Making the Best of It

The last few months have definitely been, on a global basis, the most challenging months in recent human history. As Americans, our comfortable and privileged first-world life (which I rarely took for granted) has suddenly and without warning switched to a harder mode. Nationwide, supply chains have become strained, nearly 100,000 are dead, over 1.6 million are sick, and millions more are without work. Here in Ohio, our unemployment system, a crucial social safety net meant to protect workers from the catastrophe of job loss, has been in a failure state for months as people who lost jobs two months ago still have not seen dime one of their benefits. I am thankful every day that I retain my health and gainful employment.

A short time before the crisis hit, I acquired a 3D printer. Very early in the crisis, I connected with a local group of 3D printer owners working with a local county EMS system to produce 3D printed masks which require less filter material to use, allowing thin PPE supplies to be stretched further. I was able to print 39 masks before my printer suffered a breakdown by way of a broken thermistor. All together, our group produced over 1,000 masks, and we are still on standby in case of a resurgence. My wife and I have also been participating in Stanford University’s Folding@Home initiative, using our spare GPU power to help run protein folding simulations relevant to finding effective treatments for COVID-19.

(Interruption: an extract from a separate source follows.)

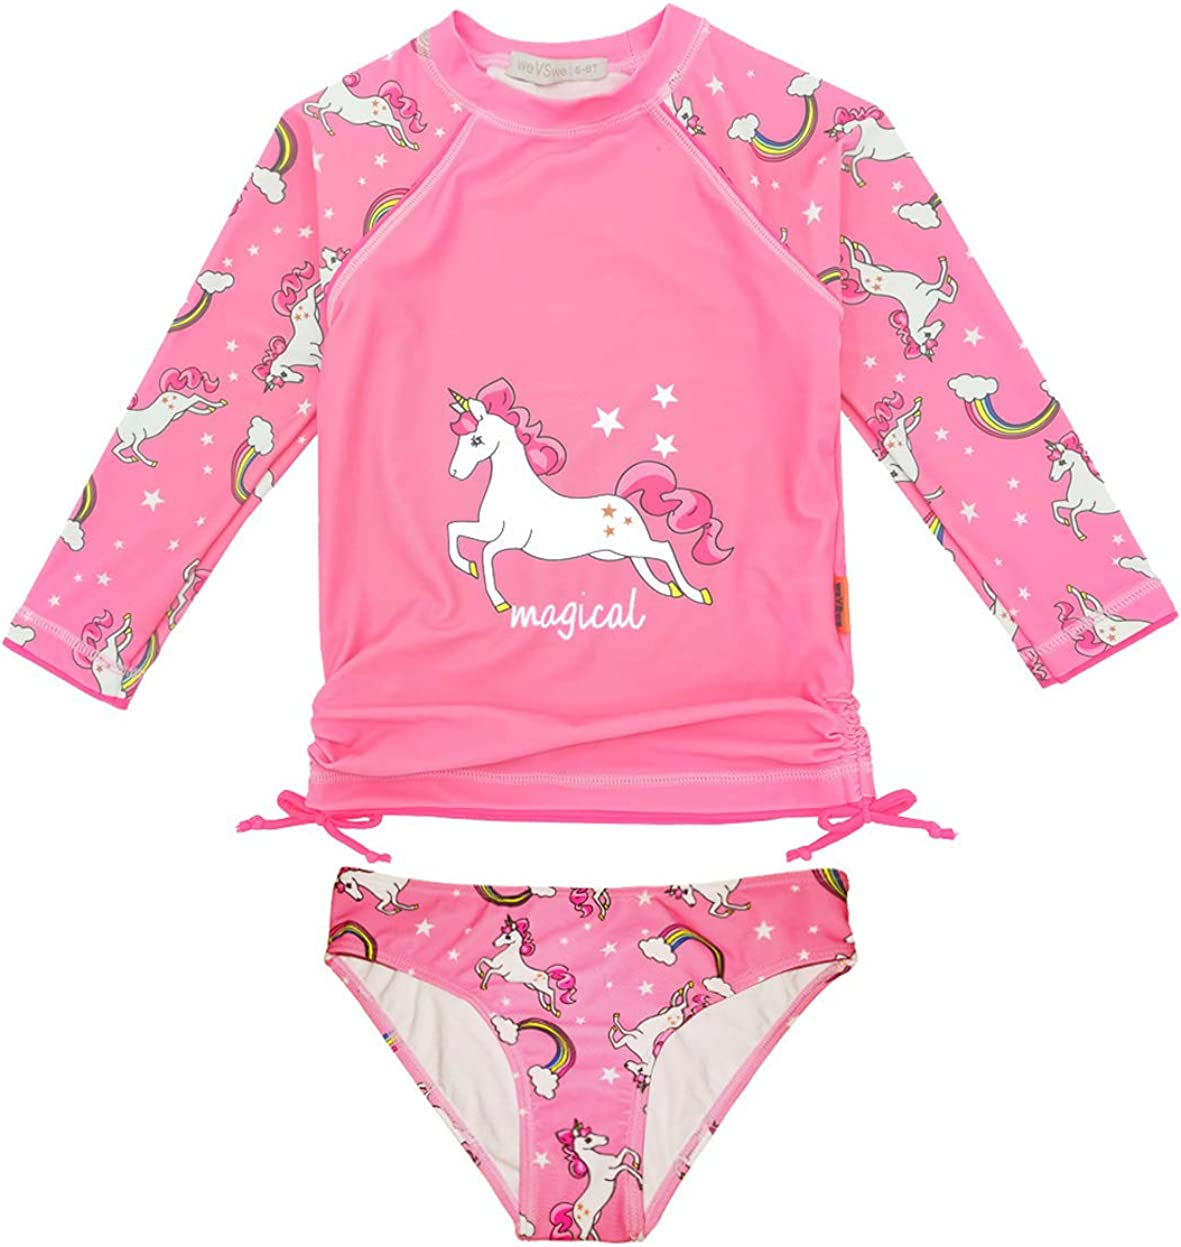 Max 51% OFF weVSwe Girls Rash Guard Swimsuit Virginia Beach Mall Rare Suit Hem UPF Bathing Cuffs
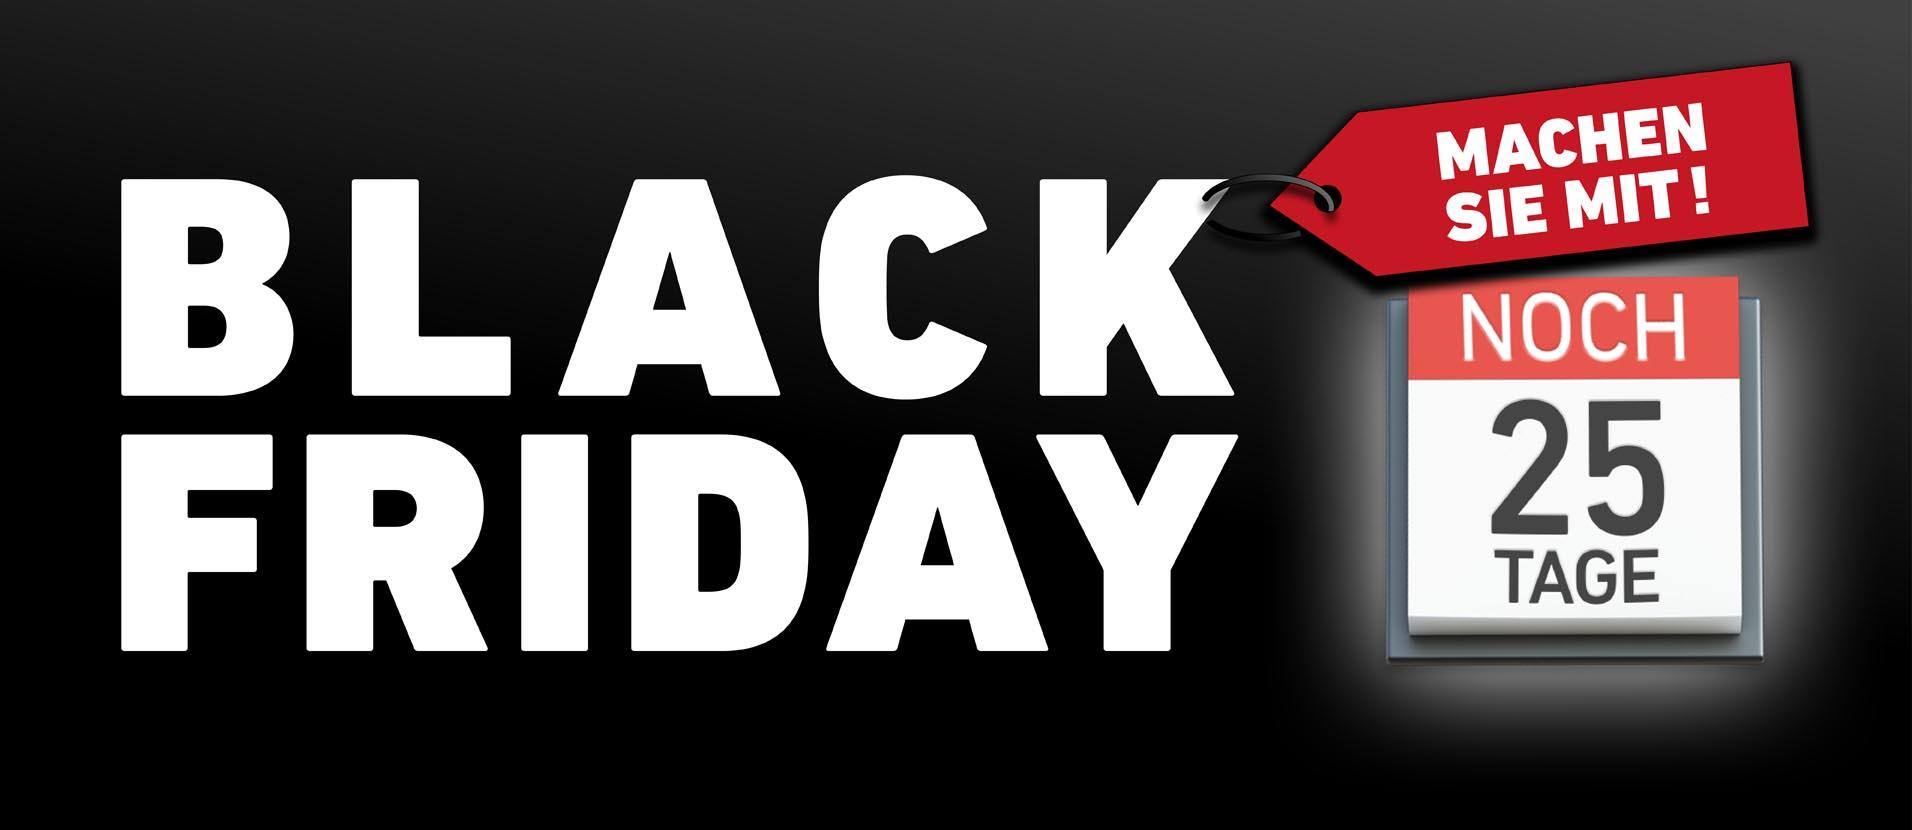 Black-Friday - Noch 25 Tage

Since the beginning of the year, I have lost an additional 35 pounds on top of the 40 pounds I had already lost the 18 months prior. This has been healthy, sustainable weight loss backed by gradual and permanent changes in diet and exercise habits. Physically, I feel healthier than I have in years and have been seeing many positive changes in my body as a result of my efforts. Lots of yardwork helps.

Dehoarder 2 has also seen many positive changes over the past few months. The all-important Home Inspection event has had a significant overhaul. In addition to the letter grades received for each area of the home, the inspector will now specifically call out the three worst areas that need attention. Interest charges on unpaid fines are gone as is partial payment of fines, simplifying things.

New items have appeared, some of them inspired by current events. For example, you will now find hoarded rolls of toilet paper stacked and scattered about.

Don’t Stay at Home Without It

Under the hood, the game has seen a much needed and long-overdue architectural overhaul. I won’t bore with the gory details of this surgery here, but will summarize that the game logic is now MUCH more loosely coupled to the Unity game engine, increasing robustness, ability to unit test, and ability to support modding. Loading time has been improved by an order of magnitude as well.

I’ve been thinking a lot regarding GDEX… Right now GDEX is scheduled for September 18th through the 20th. Normally I would have already registered by now, however, due to the ongoing crisis I have not yet done so. We are still at a point in Ohio where gatherings of more than 10 people are strongly discouraged, and I am starting to see communities cancel Labor Day gatherings that will be occurring just two weeks prior. With the current trajectory of the crisis, I frankly do not see myself or my wife being comfortable among a large, ambulatory crowd of people numbering in the thousands in four months time, if we can even find that many willing attendees this year. The optimist in me is still holding out some hope that maybe, somehow, we get our act together nationally in that four months and stamp this thing out, but the realist in me tells me that is very unlikely to happen. I think a far more reasonable hope is that GDEX announces soon a contingency plan for a virtual event.